Swedish pop powerhouse Tove Styrke returns with Prayer, her first new single since the release of her 2022 album HARD, and her first music since becoming a mother. Known for her razor-sharp pop instincts, emotional precision, and fearless honesty, Tove enters a new creative chapter that blends intimacy, evolution, and undeniable pop clarity. Prayer arrives as the opening note of her forthcoming album The Afterparty, set for release this autumn, signaling a bold, reflective, and deeply personal era for one of Sweden’s most compelling modern pop voices.

Prayer is your first release in a few years. What made this the right song to mark your return?

Prayer is the first single from my upcoming full-length album The Afterparty, due out this fall. It marks the beginning of a new chapter for me. It’s the first song on the album and the only logical place to begin telling this story. It also felt emotionally true. I didn’t want to return with something ironic or distanced. I wanted to start with honesty.

How does Prayer introduce the emotional world of your upcoming album The Afterparty?

You can look at Prayer as your invitation to The Afterparty. It sets a tone of anticipation and hope, like sundown in a big city full of possibilities. It’s exactly what the title suggests, a prayer, an affirmation, a moment of asking without knowing the answer yet.

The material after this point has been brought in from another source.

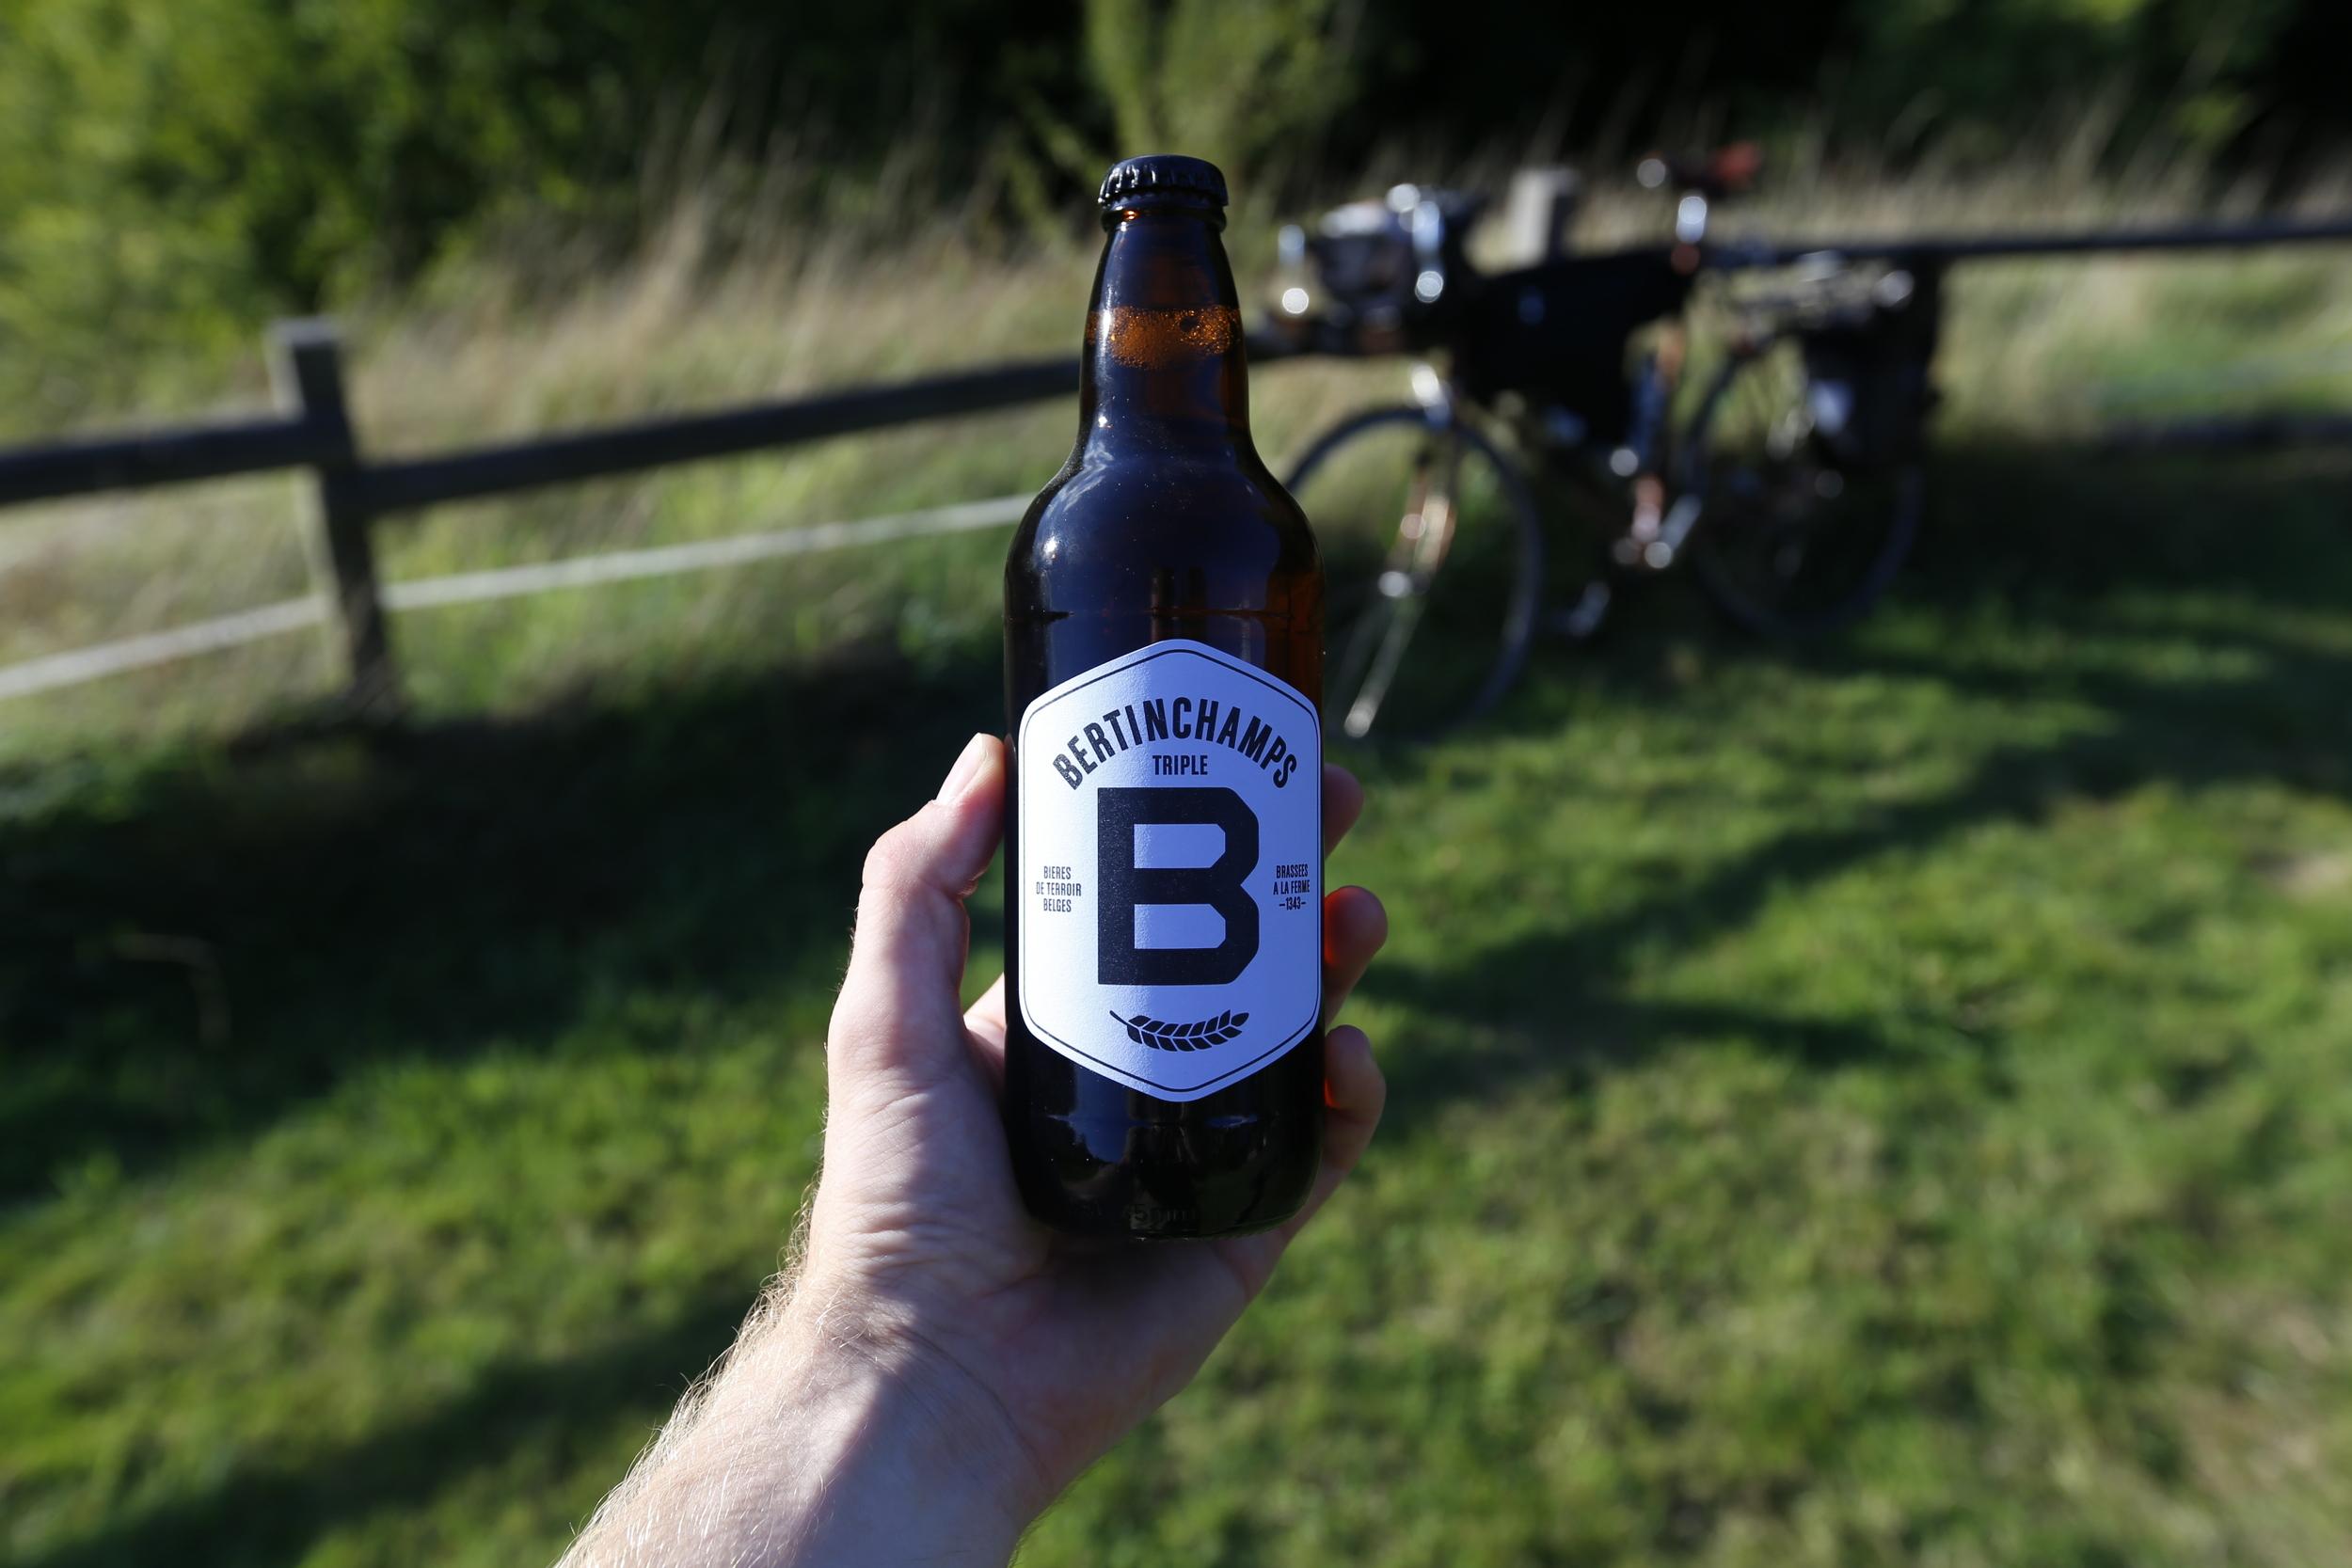 beer, belgium beeer, alcohol, beer blog, beer photography, ipa, local, brewery, bikepacking beer, food, foodie, food blog, travel, travel blog, explore,

Your music often balances vulnerability with confidence. Where does Prayer sit on that spectrum for you?

Right in the middle, with a big portion of both. It’s a vulnerable thing to admit what you want from the universe, but there’s confidence in daring to say it out loud. Setting an intention is powerful.

What does the title The Afterparty represent at this stage of your life and career?

I feel like we’re living in the afterparty phase of our time. The album is a reflection on what that does to a person, told through the lens of an actual afterparty. Becoming a mother, and reconnecting with nature through studying biodynamic horticulture and gardening, has deeply influenced the art I make.

Humans have done so much to sever the bond between ourselves and nature, which is our original sense of belonging and context. That disconnection makes us feel lonely, without purpose, and out of place. The album lives inside that feeling.

Sonically, how does this new album build on or break away from HARD?

Sonically, it doesn’t sound like anything I’ve released before. The entire album is built around a strict sonic palette, mainly analogue synthesizers from the 1970s and 1980s, with additional live drums, electric bass, and guitar. There are no samples. Every sound you hear was either created from scratch on a machine or recorded live in the room.

That limitation is what makes the world cohesive. I approached the project as if I were scoring a film. It has an arc, a storyline, and moves dynamically between different emotional states.

Becoming a mother is a profound life shift. How has that experience reshaped the way you write and record music?

It’s changed everything. It’s made me more attuned to my feelings and my inner world, and it’s made me care less about things like my career or being successful. Those ideas fade into the background when you become a parent. That shift has made me more fearless as an artist.

Was there any pressure returning with new material after such a transformative personal chapter?

None. Just pure joy in creating. I felt grateful more than anything, grateful to have a life that allows me to make art on my own terms.

You’ve always written with emotional precision. What feelings were you most drawn to explore this time?

I’m drawn to the cyclical nature of life. Everything has a rhythm, a pace, and our inner worlds do too. We return to the same feelings over and over, constantly evolving while becoming more ourselves at the same time.

Duality is a recurring theme. The internal and the external, isolation versus connection, suffering from constant attention in a digital world while simultaneously craving validation. Death. Rebirth. Life.

How do you protect your creative identity while embracing growth and change?

I protect it by allowing myself to grow and change. The key for me is to look inward and avoid outside distractions. I deleted social media from my phone, stepped away from the music world for a while, and filled my life with other creative outlets. I did theatre, focused on gardening and learning about plants, and practiced meditation.

Do you feel more fearless as an artist now than earlier in your career?

Yes. I think many artists are fearless when they first start out. Then you become more aware of expectations, especially what others expect from you, and it becomes harder to create freely. At some point, you have to actively seek that freedom again, and I feel like I finally have.

Has your understanding of success or fulfillment changed since your last album?

I keep learning and unlearning that success isn’t something others assign to you. It’s something you have to define for yourself.

As you step into this next era, what feels most different about Tove Styrke today?

Everything. Nothing is the same as it ever was before.